> WHAT TO PRODUCE: When you reach the line containing "A woman uses", start transcribing exactly and continue through the last line of the data, skipping every picture.

> EXERCISE DATA:
+ + +

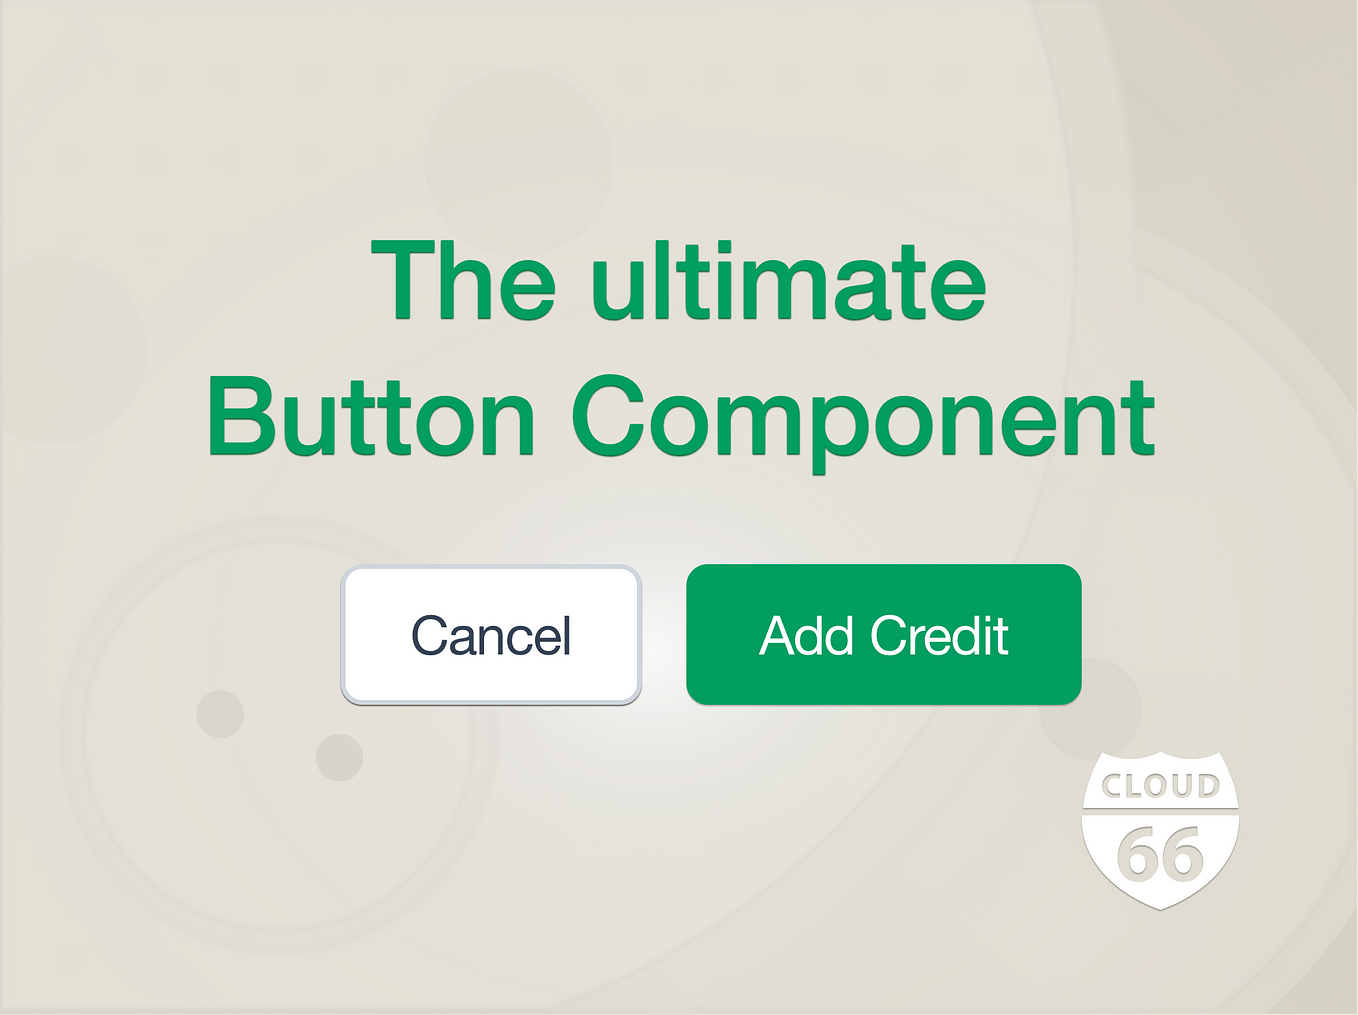 The ultimate Button Component
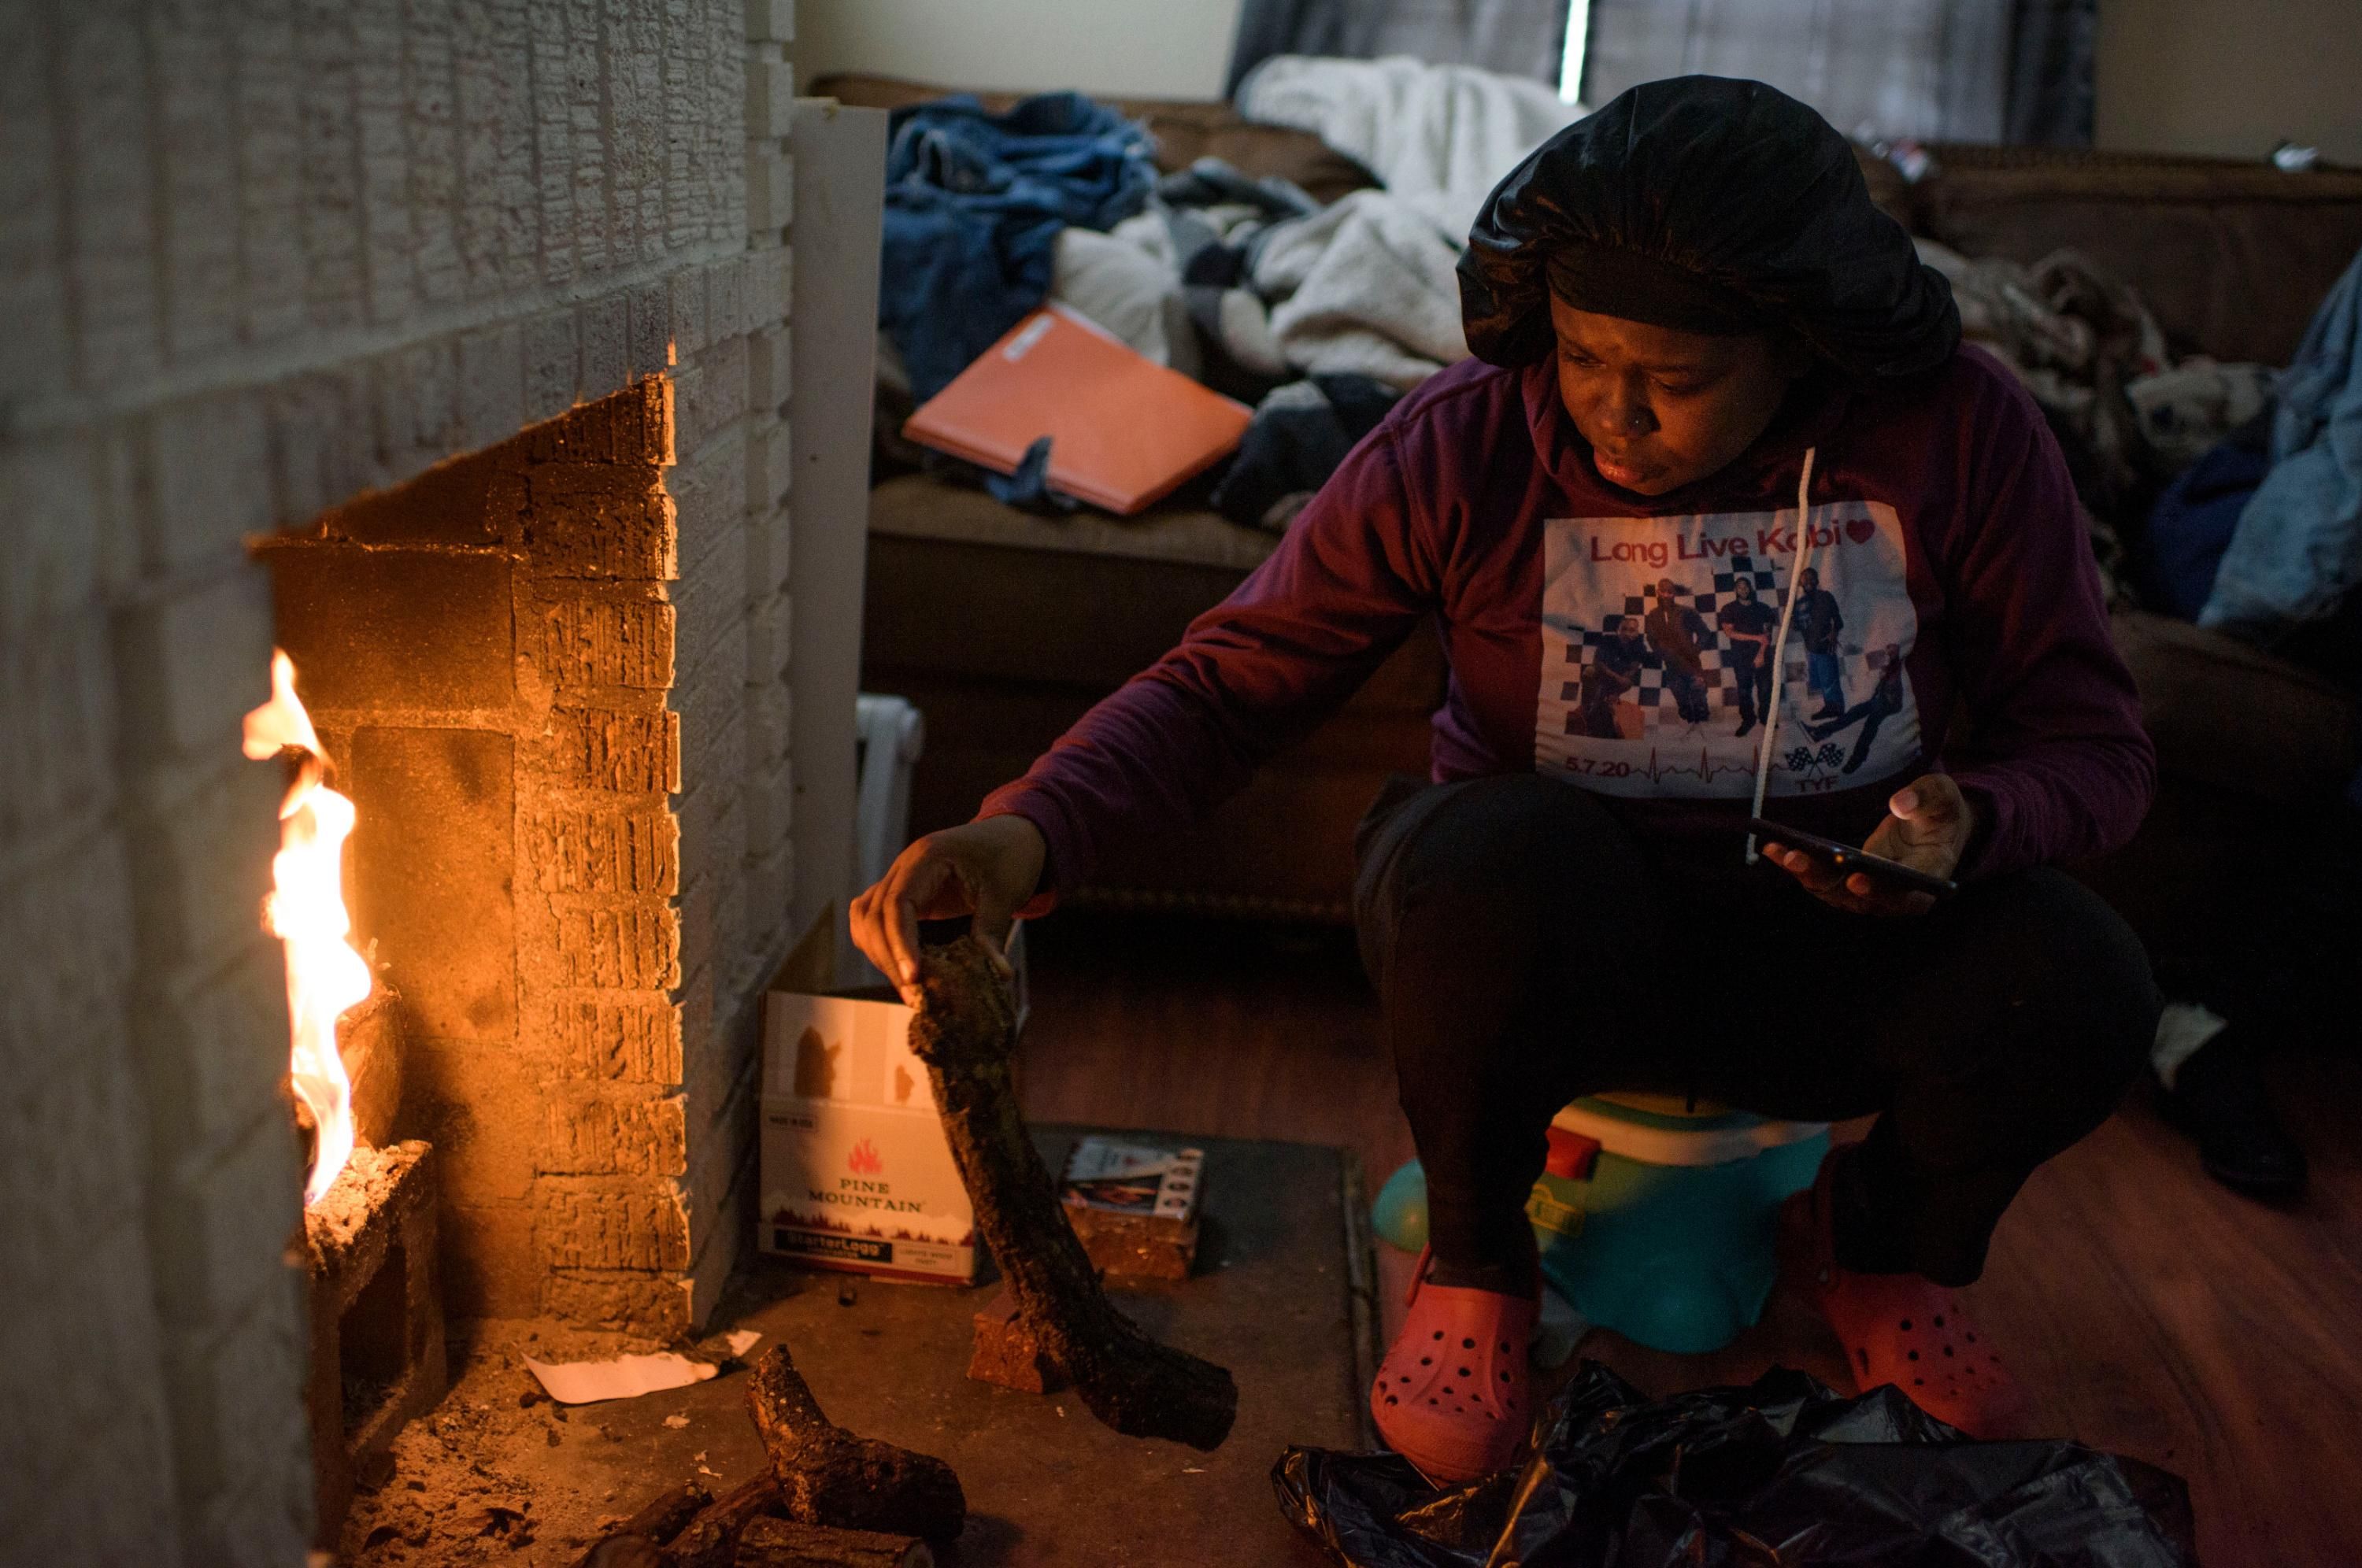 A woman uses a fire to provide heat in her home
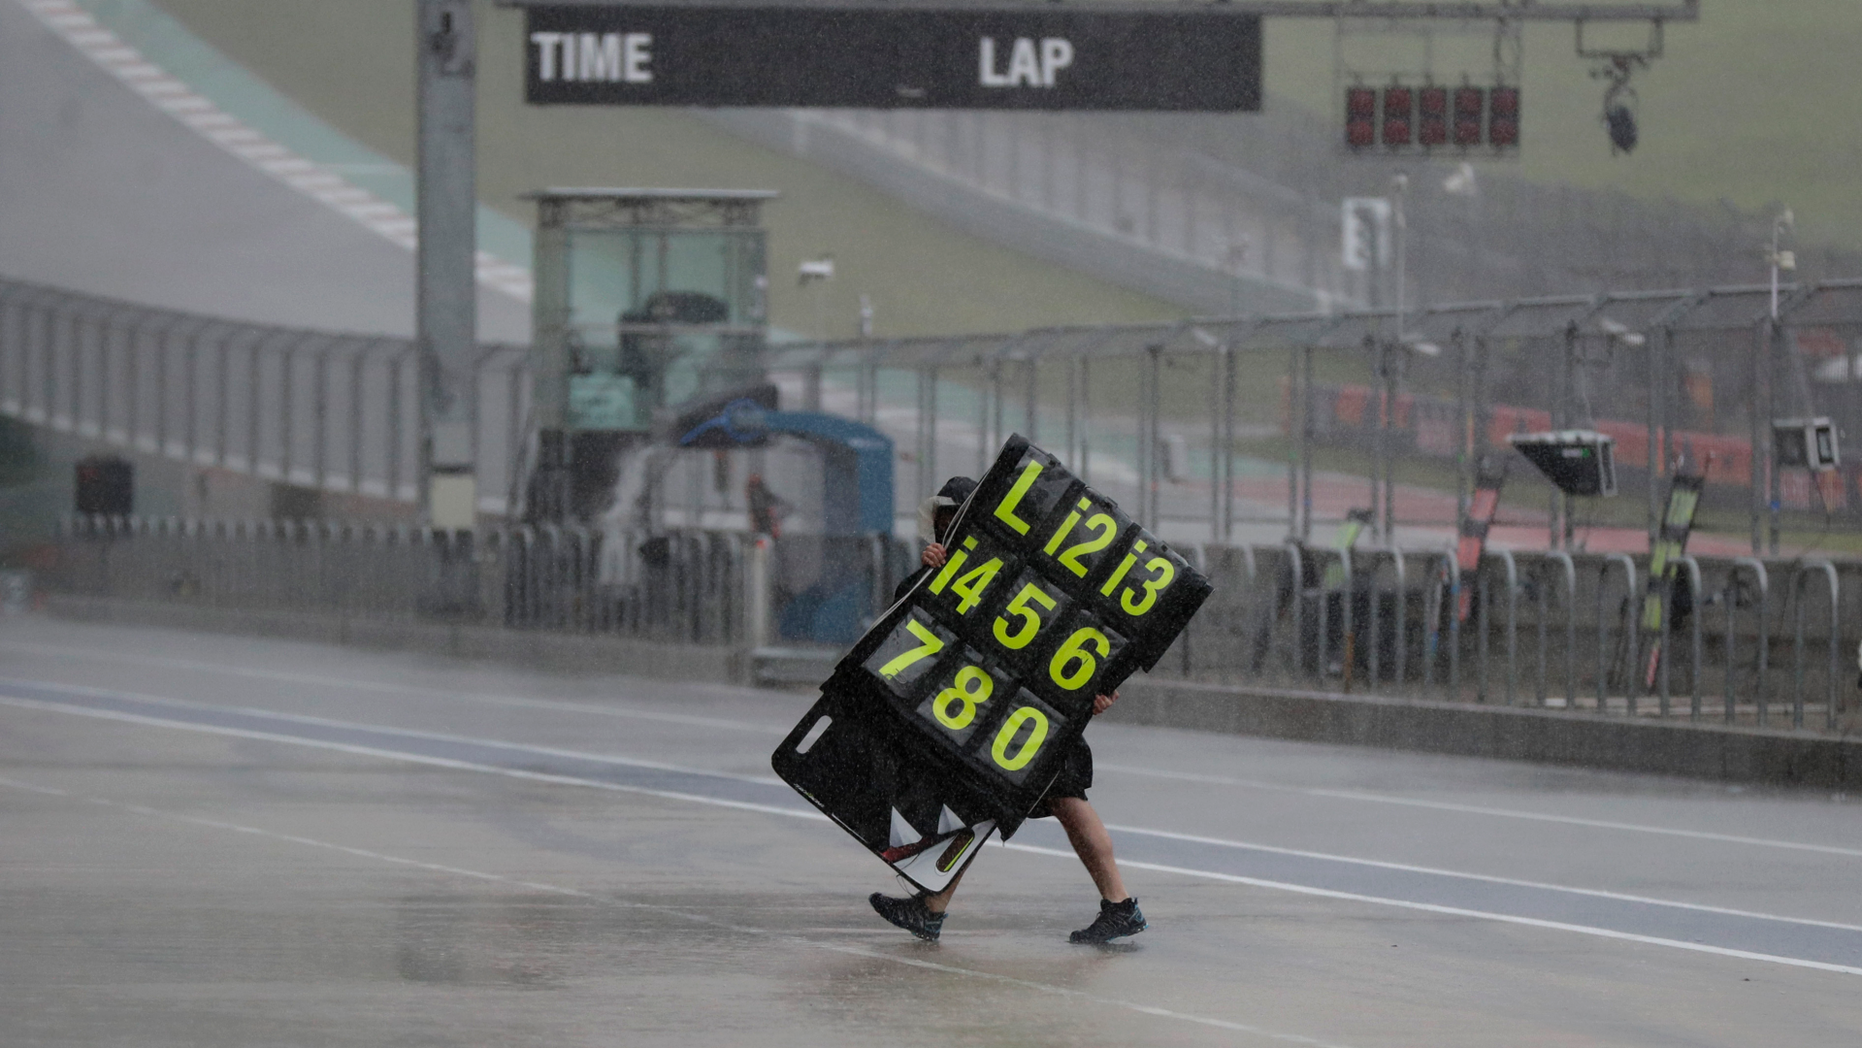 A crew member moves the traffic signs during a time delay for testing and qualifying for the motorcycle race of the Grand Prix of the Americas on the Circuit of the Americas on Saturday, April 13, 2019, in Austin, Texas. (AP Photo / Eric Gay)

+ + +

> THE ANSWER:
 A woman uses a fire to provide heat in her home
 A crew member moves the traffic signs during a time delay for testing and qualifying for the motorcycle race of the Grand Prix of the Americas on the Circuit of the Americas on Saturday, April 13, 2019, in Austin, Texas. (AP Photo / Eric Gay)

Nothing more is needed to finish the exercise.